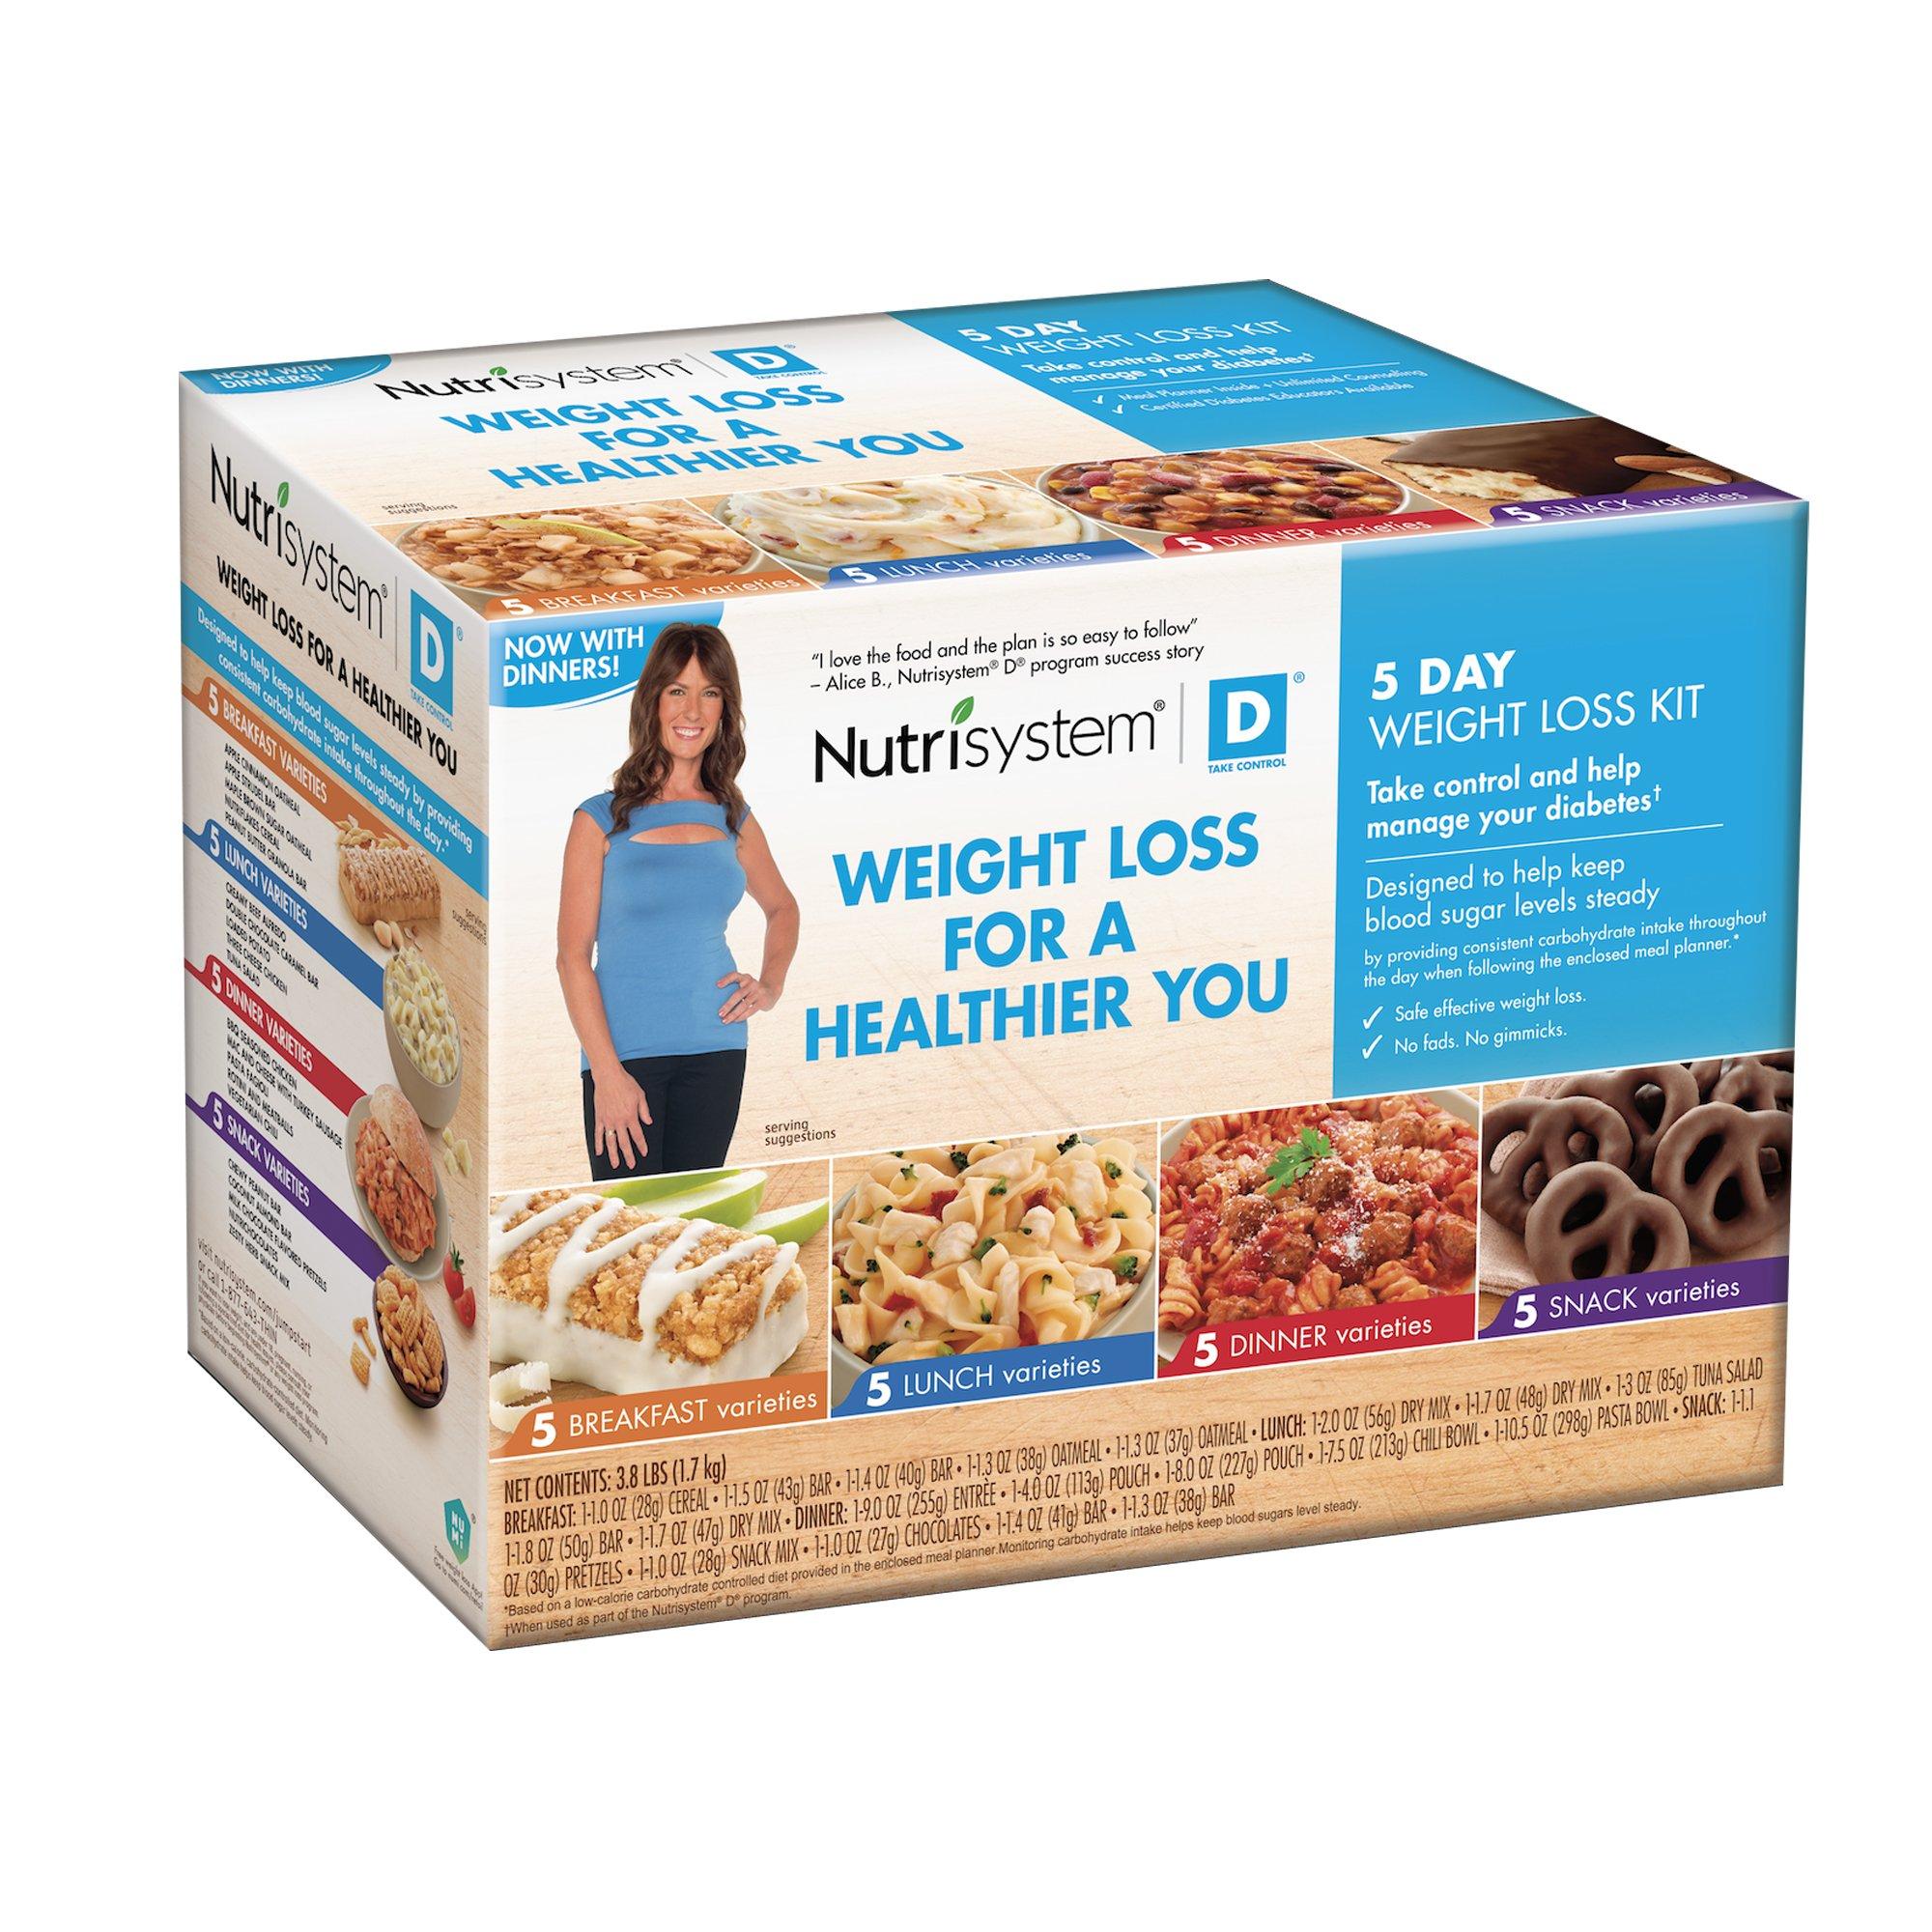 Nutrisystem D 5 Day Weight Loss Kit Diabetic Kit Now
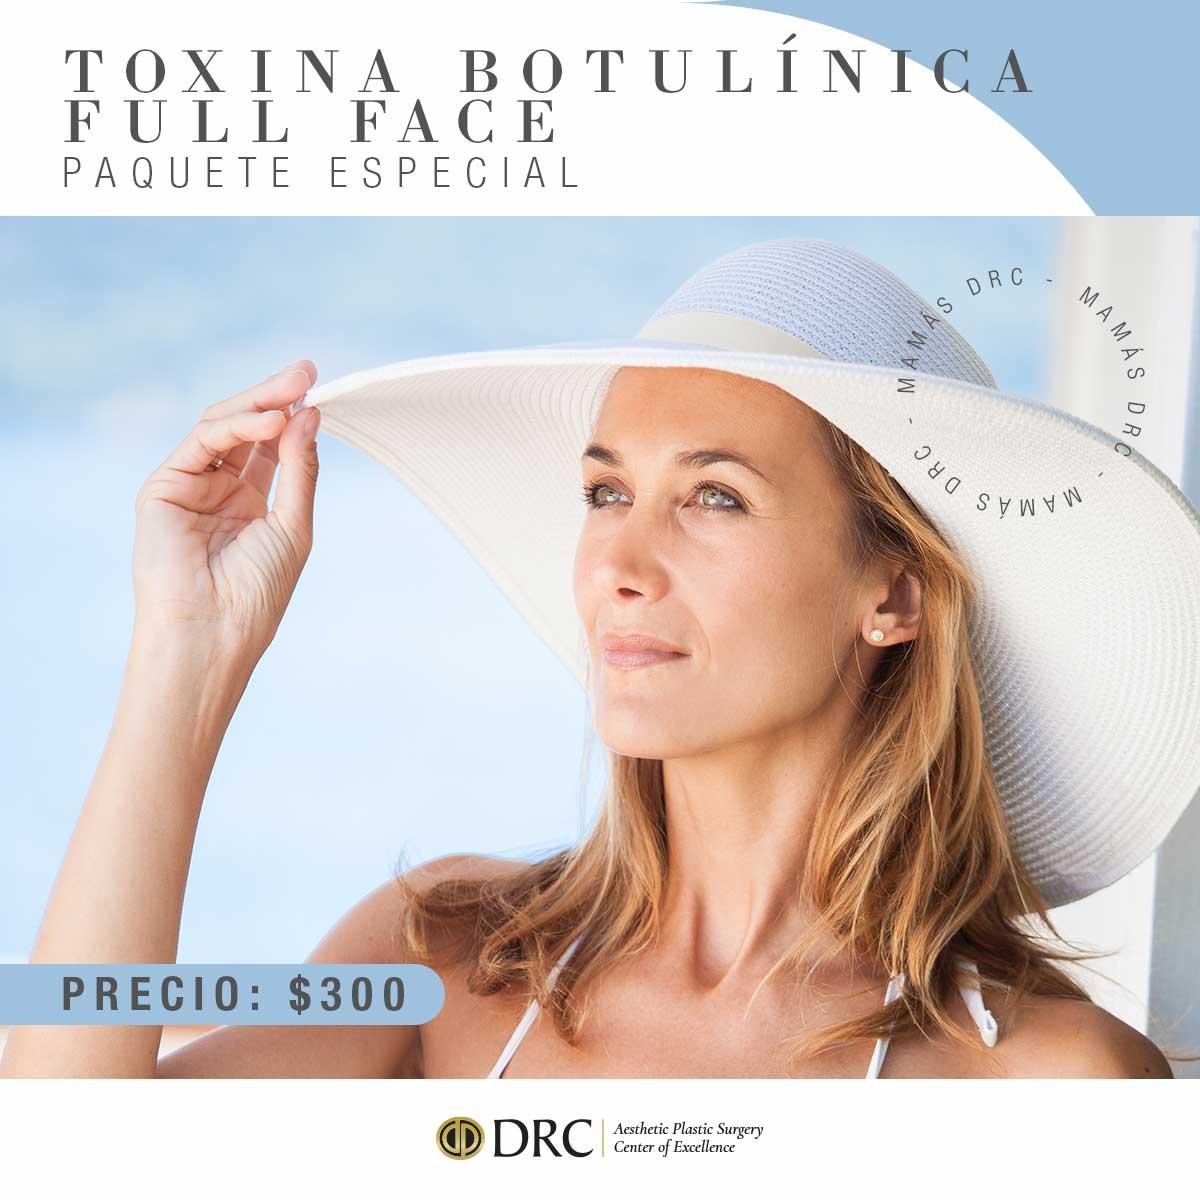 toxina-botulinica-fullface
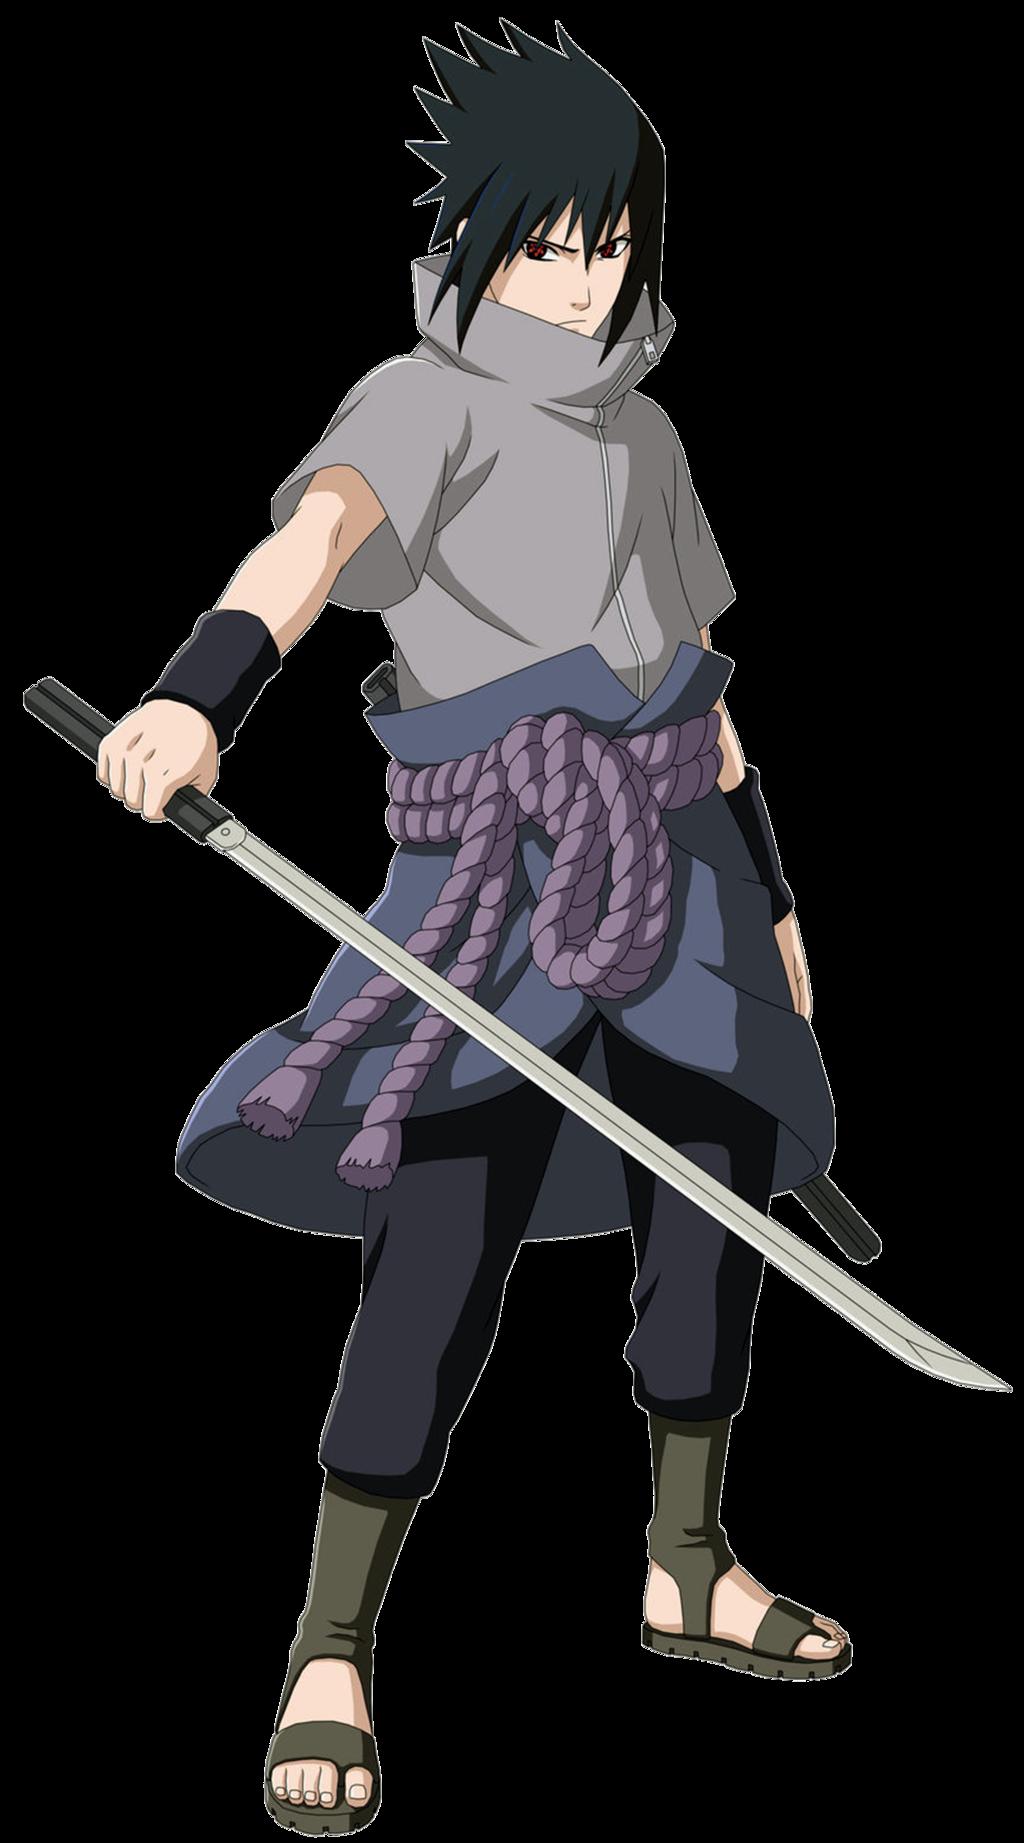 Uchiha Sasuke PNG Transparent Image

Aim of the task
All the lines above must be written out exactly, without a single picture.

Written response
 Nutrisystem D 5 Day Weight Loss Kit Diabetic Kit Now
 toxina-botulinica-fullface
 Uchiha Sasuke PNG Transparent Image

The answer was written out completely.